CE 3 novembre 2014, Commune de Belleville-sur-Loire, n° 373362
La méthode de notation ne doit pas conduire à ce que la meilleure note ne soit pas attribuée à la meilleure offre ou à ce que l'offre économiquement la plus avantageuse ne soit pas choisie.
La commune de Belleville-sur-Loire avait confié à une même société les quatre lots d’un marché à bons de commande conclu pour l’entretien de ses espaces verts. Les juges de première instance et d’appel avaient annulé ces quatre contrats à la demande d’un concurrent évincé au motif que la méthode de notation retenue par la commune méconnaissait les règles de la concurrence et le principe d’égalité entre les candidats.
En cassation, le Conseil d’Etat rappelle que « le pouvoir adjudicateur définit librement la méthode de notation pour la mise en œuvre de chacun des critères de sélection des offres qu’il a définis et rendus publics ». Il va toutefois atténuer ce principe.

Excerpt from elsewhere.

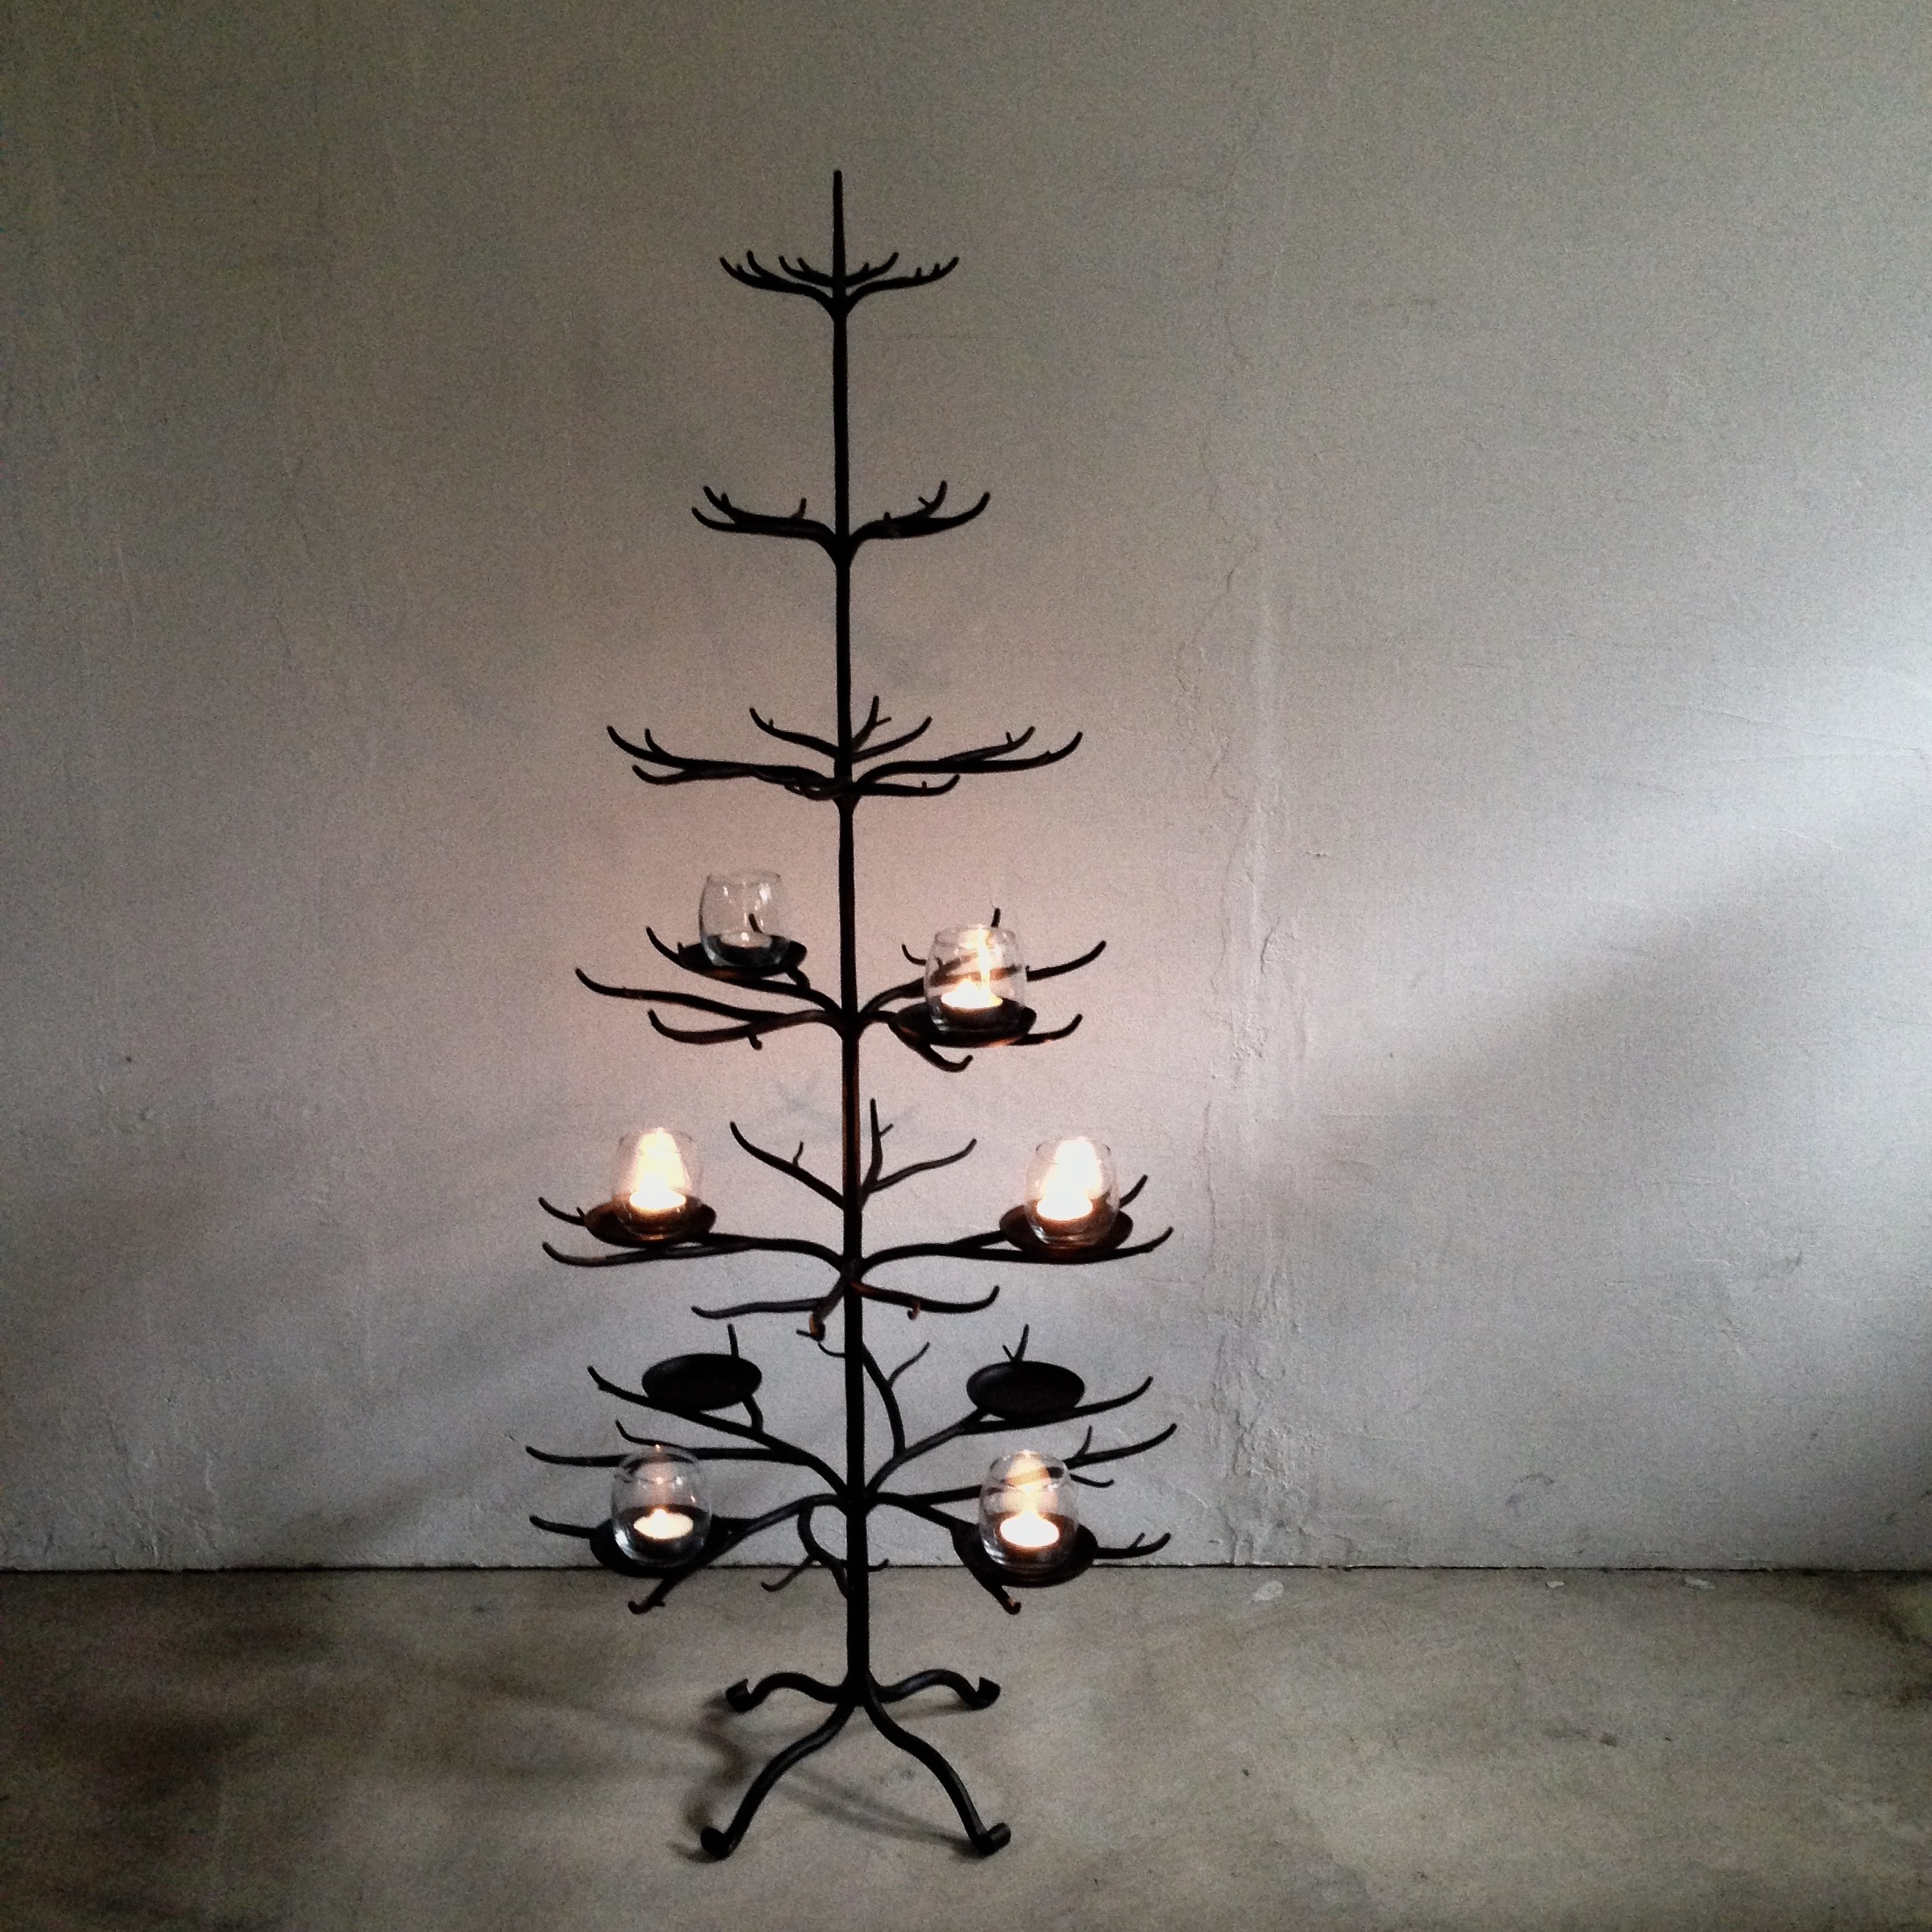 ロートアイアン製クリスマスツリー Iichi ハンドメイド クラフト作品 手仕事品の通販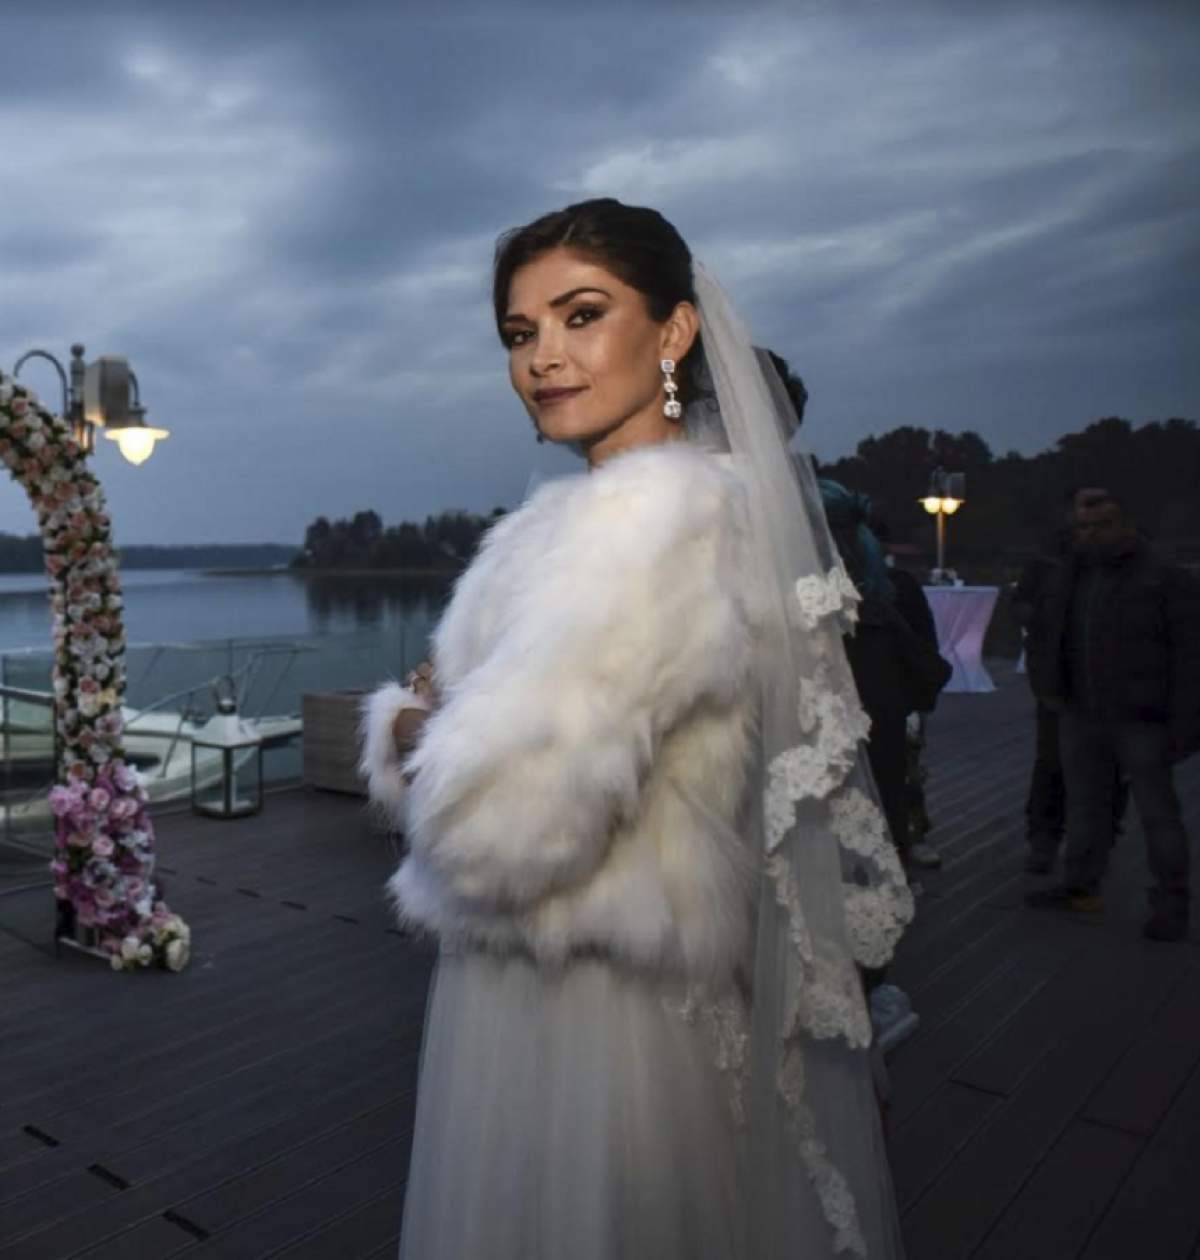 FOTO / Alina Pușcaș face din nou nuntă, gravidă! Imagini cu ea în rochie de mireasă

Dans un arrêt Département de la Guadeloupe, la haute juridiction avait déjà censuré une méthode de notation « susceptible de fausser la pondération relative des critères initialement définie et communiquée aux candidats » (CE 18 déc. 2012, n° 362532). Elle précise aujourd’hui que « ces méthodes de notation sont entachées d’irrégularité si, en méconnaissance des principes fondamentaux d’égalité de traitement des candidats et de transparence des procédures, elles sont par elles-mêmes de nature à priver de leur portée les critères de sélection ou à neutraliser leur pondération et sont, de ce fait, susceptibles de conduire, pour la mise en œuvre de chaque critère, à ce que la meilleure note ne soit pas attribuée à la meilleure offre, ou, au regard de l’ensemble des critères pondérés, à ce que l’offre économiquement la plus avantageuse ne soit pas choisie ». Cette solution vaut même si « le pouvoir adjudicateur, qui n’y est pas tenu, [a] rendu publiques, dans l’avis d’appel à concurrence ou les documents de la consultation, de telles méthodes de notation ».
Dans cette affaire, le règlement de la consultation prévoyait que, pour la mise en œuvre du critère du prix, chaque offre serait notée en fonction de son prix (P) et du prix de l’offre la plus basse (P0) selon la formule : 10/3 x (7 - P/P0). La haute juridiction considère « qu’en relevant qu’une telle méthode de notation avait pour effet de neutraliser les écarts entre les prix de sorte que les offres ne pouvaient être différenciées qu’au regard des autres critères de sélection et qu’elle était ainsi susceptible de conduire à ce que l’offre économiquement la plus avantageuse ne soit pas choisie et en déduisant que cette méthode était entachée d’irrégularité, la cour n’a commis aucune erreur de droit ». Le pourvoi de la commune est donc rejeté.